In a paper published on Monday in Proceedings of the National Academy of Sciences, researchers presented the first on-camera evidence of rare animal behaviour. The video was taken by a camera trap of an itchy puffin who was making a burbling sound and scratching its chest with the sharp end of a twig.
Around five years ago, Annette Fayet, a puffin expert from the University of Oxford saw a puffin doing something she had never seen before. The bird which was floating on seawater held a stick in its beak. Moments later, it started scratching its back with the stick. At that time she did not have any evidence of the rare tool used by the bird but in July 2018 she saw the same behaviour again while studying a group of puffins in Grimsey Island in Iceland.
Following the incident, she planted camera traps on the island and recorded loads of puffin behaviour until the camera caught another puffin with a scratching stick. The video which she shared showed the bird spotting a stick and grasping it with its beak before making a burbling sound. It then turns and starts scratching its chest feathers with the stick's pointy end. Watch the video here:
Fayet sent the recording to her colleague Dora Biro, an animal behaviour expert at the University of Oxford who got immediately excited. She said that tool use had never been reported in sea birds before. Together, with their colleague Erpur Snaer Hansen, the biologists described puffin tools in the study. This behaviour fits all current definitions of tool use, said University of Oxford zoologist Alex Kacelnik, who has studied toolmaking crows and was not a member of the puffin research team.

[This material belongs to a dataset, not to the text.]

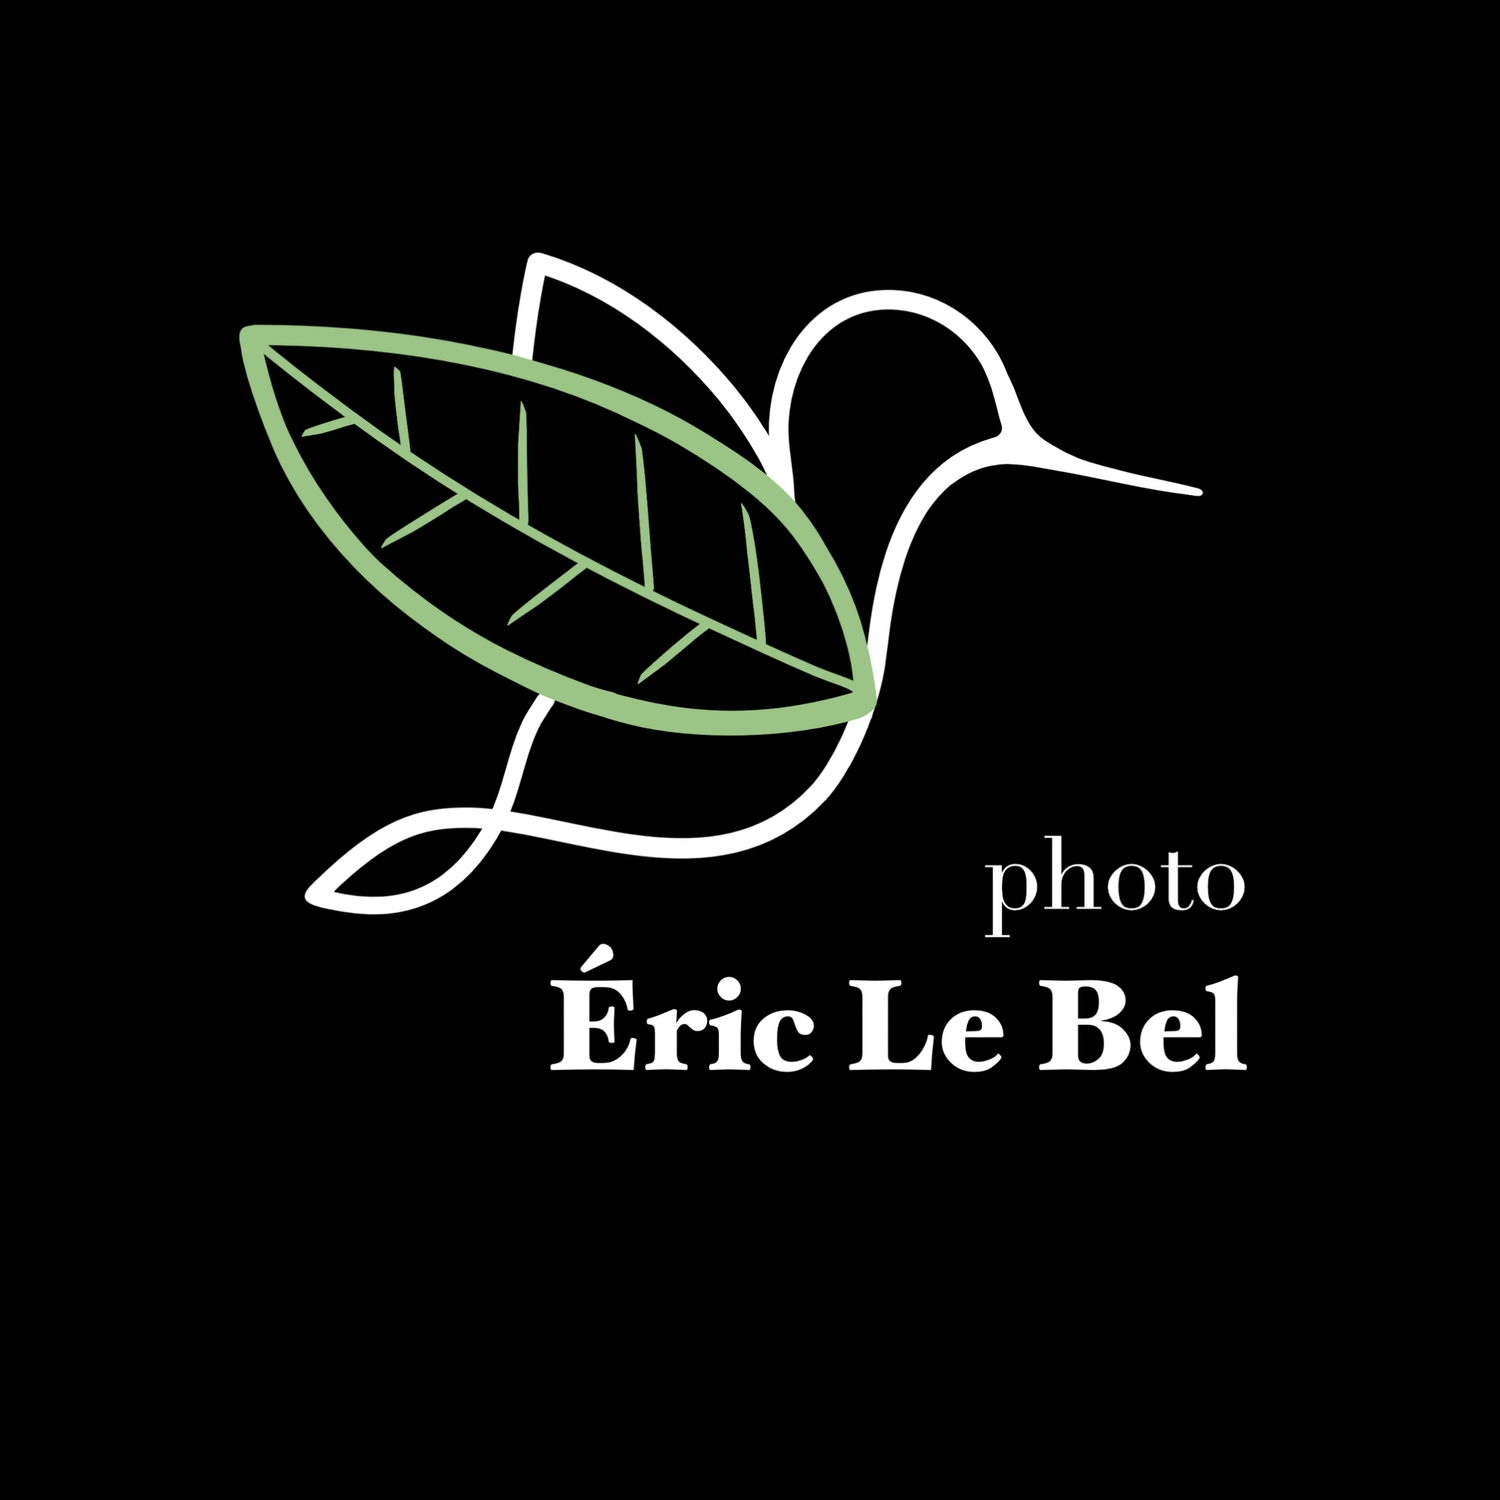 Eric Le Bel

Studying animal tools can help scientists understand the origins of the Stone age, which began when humans started using rocks around 2.6 million years ago. Several bird species use tools. Crows in the Pacific, for instance, use hooked twigs to catch grubs. But back-scratching is an unusual form of tool use that the scientists called body care. The only other type of body care observed in wild birds, Biro said, is anting, in which birds cover their bodies in insects. Bug juices, biologists suspect, can act as chemical defences against bird parasites or fungi.